Dr Kai-Keen Shiu PhD MRCP is a Consultant in the Gastrointestinal Oncology Unit at UCLH and is the Clinical Lead for the Cancer of Unknown Primary Service, as well as the Acute Oncology Service. He is the UK Chief Investigator for CUPISCO. Dr Shiu qualified at Guys and St Thomas’ Medical School. He trained in medical oncology in London including St George’s Hospital, the Royal Free Hospital and University College London Hospital. He completed his PhD in integrative genomic profiling of cancer at the Institute of Cancer Research and the Royal Marsden Hospital. He also attained a research fellowship at the MRC Clinical Trials Unit at UCL as part of the FOCUS4 Trial Management Group. He maintains a strong link with them in order to accelerate the development of novel cancer clinical trial designs. In addition to CUPISCO, he is a Chief Investigator and Principal Investigator for a number of national and international gastrointestinal oncology trials including JavelinGastric100, GS-US-296-2013, FOXTROT, POLEM, KEYNOTE 177, KEYNOTE 811 and KEYNOTE 859. Dr Shiu is Deputy Lead of the NCRI Cancer of Unknown Primary working group. He is a collaborator in the PEACE (Posthumous tissuE donAtion in CancEr) study, and a member of the Gastrointestinal Oncology and Cancer of Unknown Primary subgroups at UCLH/the UCL Cancer Institute/Francis Crick Institute. He is the Principal Investigator of the UCL/UCLH Gastrointestinal Cancer Translational Research Biobank.

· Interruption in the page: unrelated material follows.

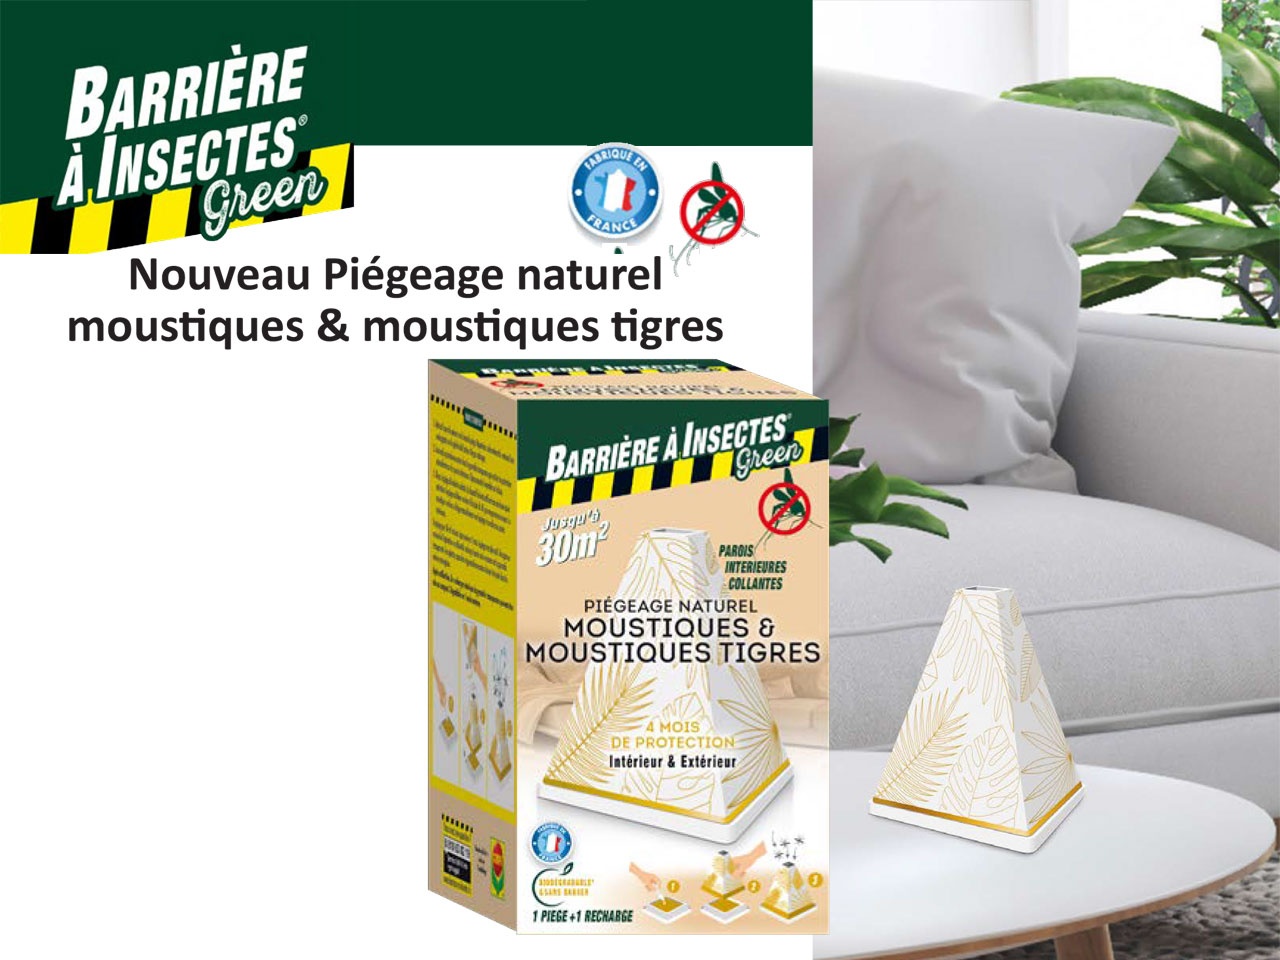 BARRIÈRE à INSECTES Green : nouveauté pièges naturels moustiques & moustiques tigres
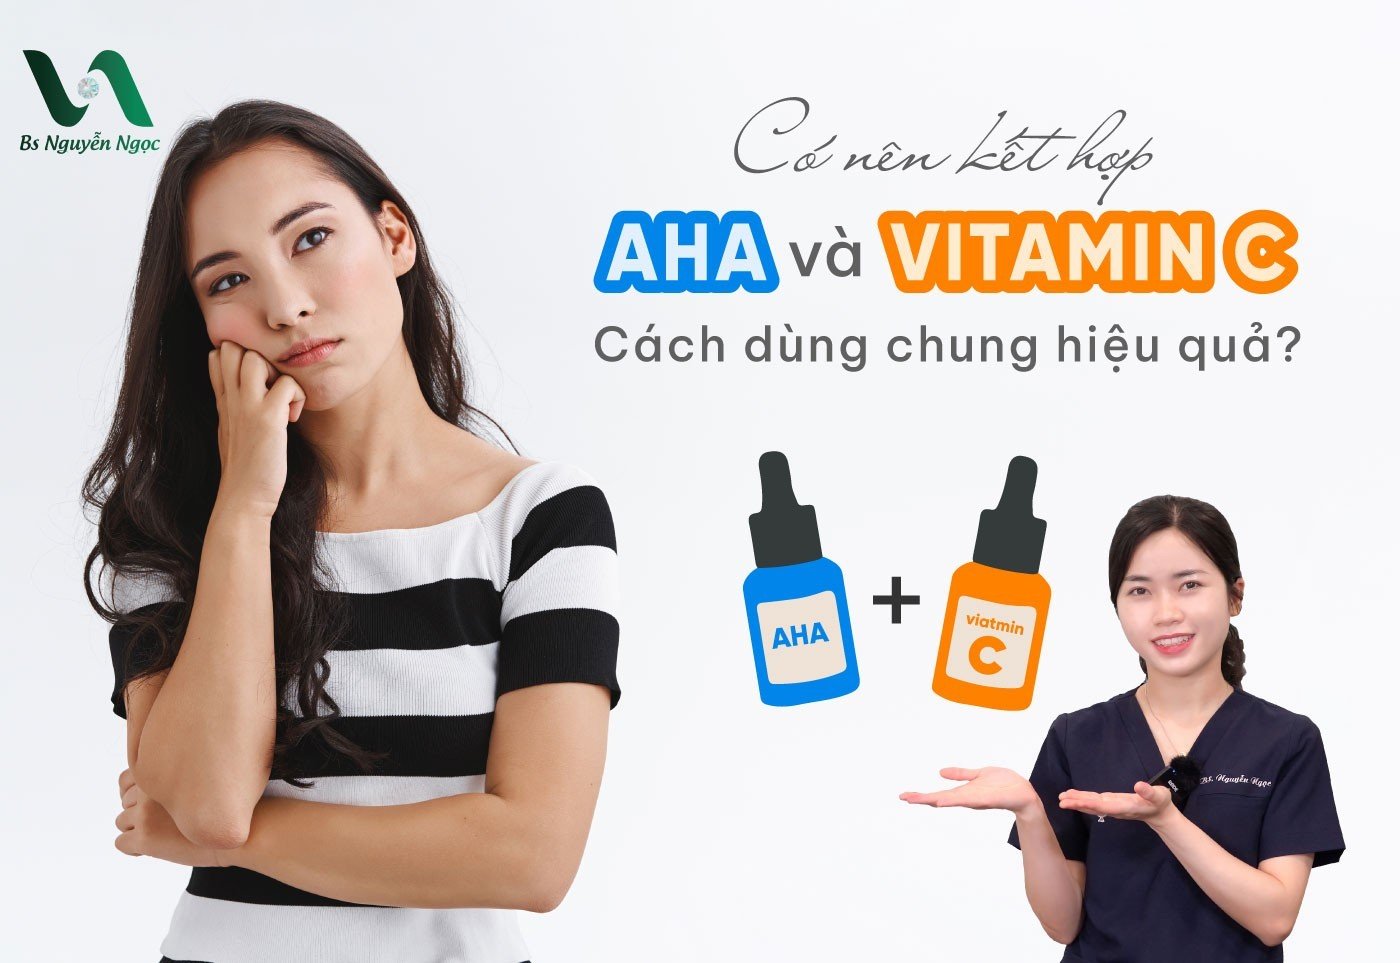 Có nên kết hợp AHA và Vitamin C? Cách dùng chung hiệu quả?

John Symons MA MSc MEd PhD is the founding Director of the Cancer of Unknown Primary Foundation – Jo’s friends. Formerly an associate professor of Henley Business School, and Sloan Fellow of the London Business School, John served as a member of NICE’s CUP Guideline Development Group (2008-2010) and the NCAT Peer Review Measures Expert Group for CUP (2011-12). He sits presently on the MUO/CUP NCRI workstream.

Dr Richard Tothill BSc (Hons) PhD is a group leader and head of the Rare Disease Oncogenomics Laboratory within Department of Clinical Pathology and the Centre for Cancer Research at the University of Melbourne. Dr Tothill received his PhD from the University of Melbourne in 2005 within the laboratory of Prof David Bowtell. Preceding this time he was a research scientist working within the pharmaceutical industry (1998-2000, Glaxo-Welcome Genetics Division, UK). Since 2001 he has established a career in the field of cancer genomics. His work has been highly translational with a heavy focus on the development and adoption of breakthrough genomic technologies. His highly cited research has included development and application of diagnostic methods for cancers of unknown primary involving gene-expression profiling and high-throughput DNA sequencing.